Microsoft (partners — Phi)

Model	Input (tokens)	Output (tokens)	Notes
`Phi-4-mini-instruct`	131,072	4,096	Multilingual.
`Phi-4-multimodal-instruct`	131,072 (text, images, audio)	4,096	Multimodal.
`Phi-4`	16,384	16,384	Text.
`Phi-4-reasoning`	32,768	32,768	Reasoning content.
`Phi-4-mini-reasoning`	128,000	128,000	Reasoning content.

Mistral AI (partners)

Model	Input (tokens)	Output (tokens)	Notes
`Codestral-2501`	262,144	4,096	Code.
`Ministral-3B`	131,072	4,096	Tool calling.
`Mistral-small-2503`	32,768	4,096	Tool calling.
`Mistral-medium-2505`	128,000 (+ image)	128,000	Multimodal.

Stability AI (partners)

Image generation only: Stable Diffusion 3.5 Large (text + image in), Stable Image Core, Stable Image Ultra (text in). See Foundry Models from partners for details.

5. Other providers (used with hybrid-memory)

Models commonly used in llm.nano / llm.default / llm.heavy. Version and training data are from public provider docs; we update as we verify.

Anthropic Claude

When using Claude via Anthropic API (not Azure Foundry). For Foundry/Marketplace deployment, see §4 Foundry models from partners (e.g. 1M context, 128k output for opus-4-6 / sonnet-4-6).

Model ID	Context window (approx)	Max output (approx)	Notes
`claude-haiku-4-5`	200k	64k	Nano tier.
`claude-sonnet-4-6`	200k (up to 1M via Foundry)	8k–128k	Default tier.
`claude-opus-4-6`	200k (up to 1M via Foundry)	8k–128k	Heavy tier.
`claude-3-5-haiku`	200k	8k	Legacy nano fallback.

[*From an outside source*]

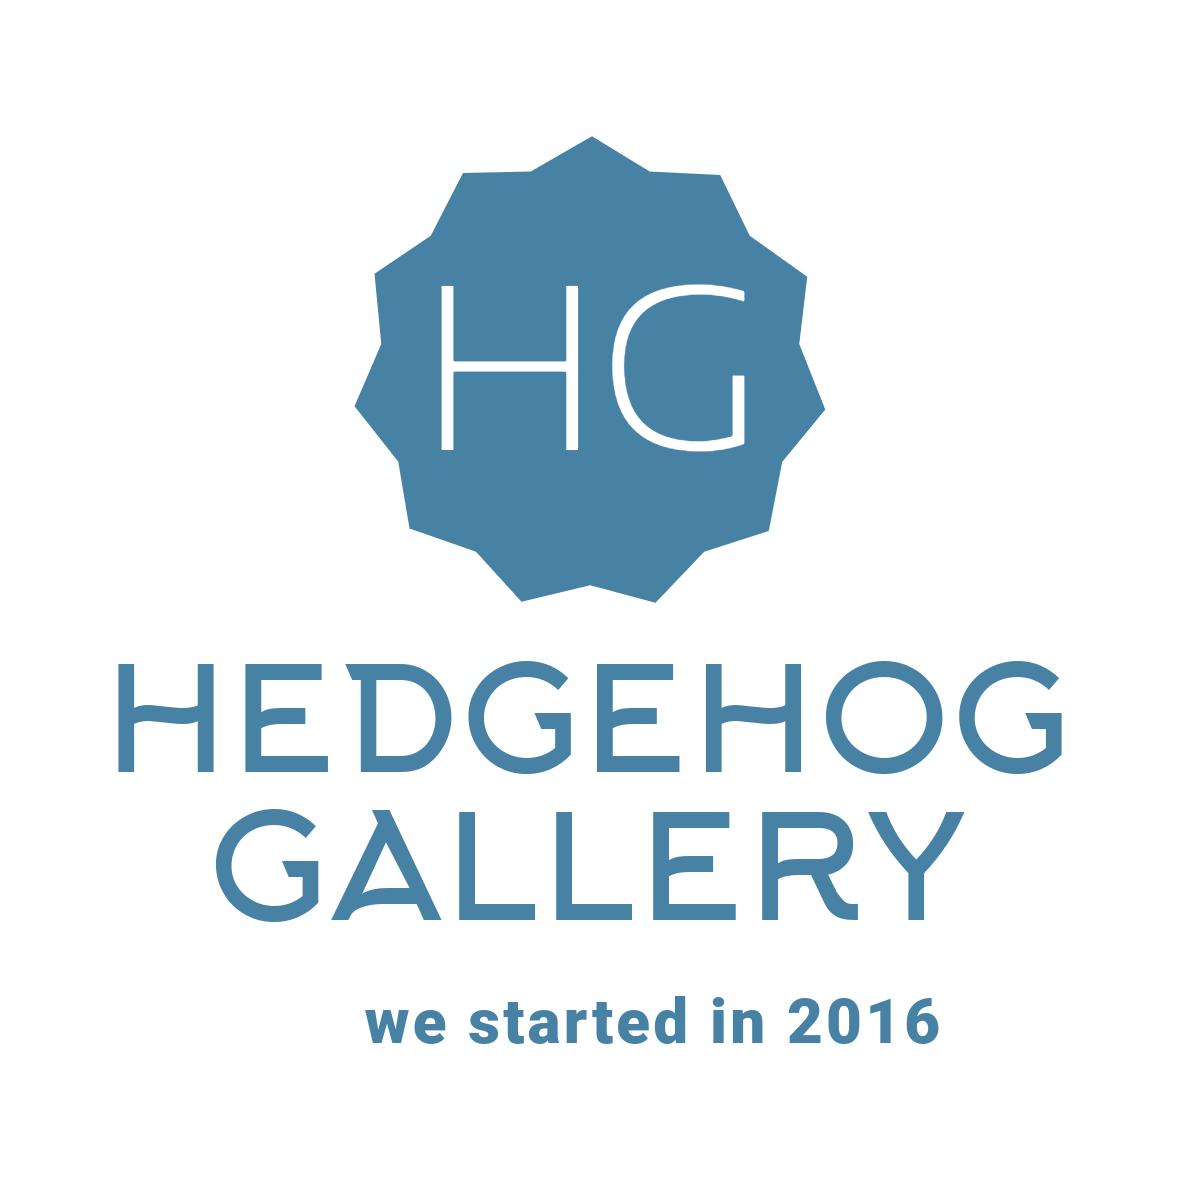 Hedgehog gallery

Check Anthropic model docs for current versions and training cutoffs.

Google Gemini

Model ID	Context window (approx)	Max output (approx)	Notes
`gemini-2.5-flash-lite`	1M	8k	Nano / fallback.
`gemini-2.5-flash`	1M	8k	Default tier.
`gemini-3.1-pro-preview`	1024k	8k	Heavy; long context for distill.
`gemini-2.0-flash-lite`	—	—	Deprecated; use 2.5-flash-lite.

Check Google AI model specs for versions and training data.

MiniMax

Model ID	Context / output	Notes
`MiniMax-M2.5`	See provider docs	Used in nano/default.

OpenAI (direct, non-Azure)

When using openai provider with api.openai.com (not Azure), same model names apply; limits align with Azure where the model is the same. See Azure tables above for gpt-4.1, gpt-4o, o3, etc.

Ollama / local

Model ID (example)	Context / output	Notes
`qwen3:8b`	Depends on run	Local; thinking mode supported.
Other (Llama, Mistral, Phi, …)	Varies	No central doc; set per deployment.

6. How we use this in the plugin

Tier choice: LLM-AND-PROVIDERS.md and FEATURES-AND-TIERS.md recommend models by tier (nano / default / heavy). Use this reference to check context and max output when you need long context (e.g. distillation → heavy with 200k+ or 1M context).
Config: OpenClaw gateway or plugin can set per-model contextWindow and maxTokens in provider/model config; this doc is the source of truth for Azure where the API does not expose them.
Plugin catalog: The memory-hybrid plugin uses extensions/memory-hybrid/services/model-capabilities.ts for distillBatchTokenLimit and distillMaxOutputTokens (and optionally getContextWindow). That catalog is kept in sync with this doc; add new models there when you add them here.
Embeddings: When switching embedding model (e.g. text-embedding-3-small → text-embedding-3-large), dimensions change (1,536 → 3,072); re-embed and re-index. See Embedding providers and config for embedding.dimensions.

7. Changelog for this doc

Date	Change
2026-03-19	Initial version: Azure OpenAI (GPT-5.4–4, o-series, 4.1, 4o, embeddings), other Foundry providers summary, Anthropic/Google/MiniMax/Ollama placeholders.
2026-03-19	Added Foundry models from partners and community: Anthropic (Foundry), Cohere, Meta, Microsoft (Phi), Mistral AI, Stability AI; source models-from-partners.
2026-03-19	Plugin: added `services/model-capabilities.ts` with per-model context window, max output tokens, and batch token limit for distill; `chat.ts` now uses it for `distillBatchTokenLimit` and `distillMaxOutputTokens`. Deploy: added `openclaw.model-tokens-snippet.json` for OpenClaw config.
2026-03-20	Google: default nano/fallback model switched from deprecated `gemini-2.0-flash-lite` (404) to `gemini-2.5-flash-lite`. See Gemini deprecations.